24 September 2010 by Sujata Gupta, Bayou La Loutre, Louisiana
WE HAVE been hurtling south through marshes for half an hour when Brad Robin kills the engine of his flat-bottomed oyster boat. Having already fallen off my stool once, I grab a metal rail. We've arrived at our first stop - the mouth of Lake Jean Louis Robin in south-eastern Louisiana, in the middle of the marshlands that border the Gulf of Mexico. Here, the Robins have bred and harvested oysters for generations.
Robin and his crew throw a net over the side and haul in the catch. Dozens of palm-sized eastern oysters, Crassostrea virginica, clatter onto a plastic tray. "Mostly boxes," says Ed Cake, a marine biologist with Gulf Environmental Associates in Ocean Springs, Mississippi. He holds one up for me to see. The shell hangs open, empty. Cake estimates that 75 per cent of the shells in the catch are boxes.

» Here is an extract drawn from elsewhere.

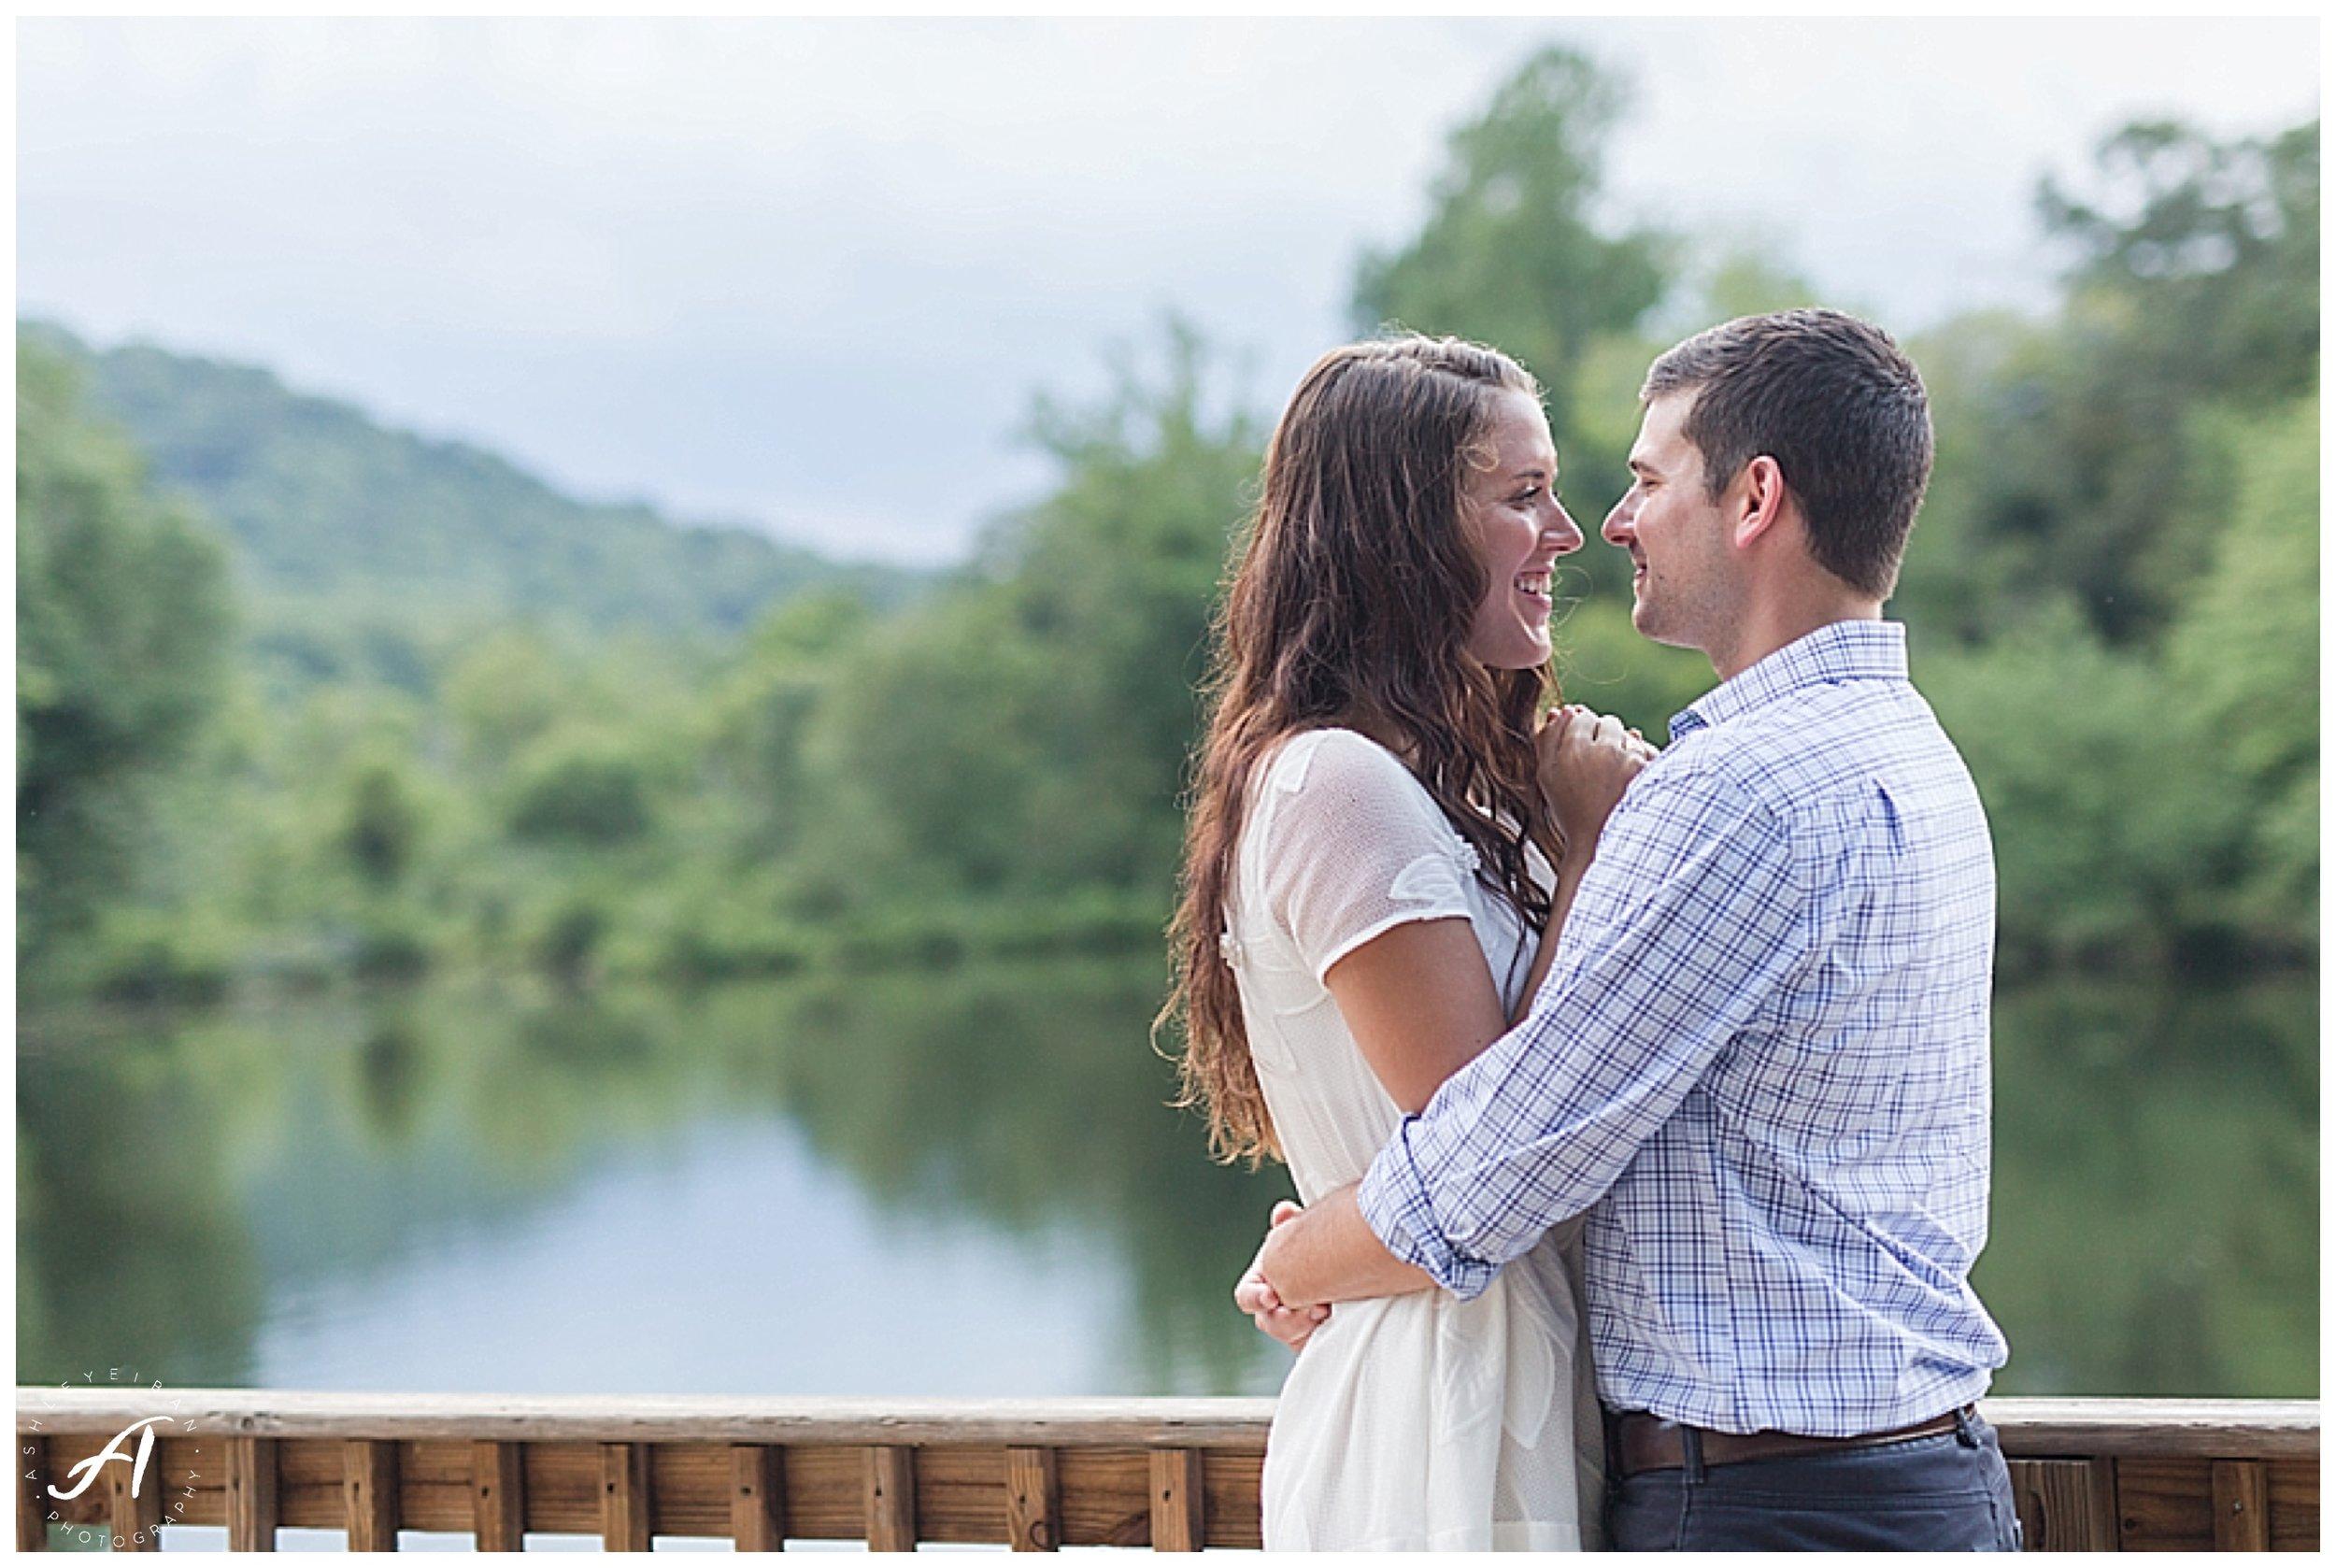 Sweet Briar College Summer Engagement Session || Lynchburg, Virginia Wedding Photographer || Ashley Eiban Photography || www.ashleyeiban.com

Mortality rates are normally closer to 5 per cent, but that changed in the aftermath of the Deepwater Horizon oil spill this year. How fast the industry rebounds depends on an event expected sometime in the next few weeks, and Cake and Robin are eagerly searching for early signs of it.
The event is the annual spatfall, when oyster larvae cement themselves onto old oyster shells and other material on the sea floor. After the spill, the Louisiana state authorities took an unprecedented decision designed keep the oil at bay and save the local oystermen, but which could also doom them: they maxed the flow of fresh water through the region's canals to three times usual levels.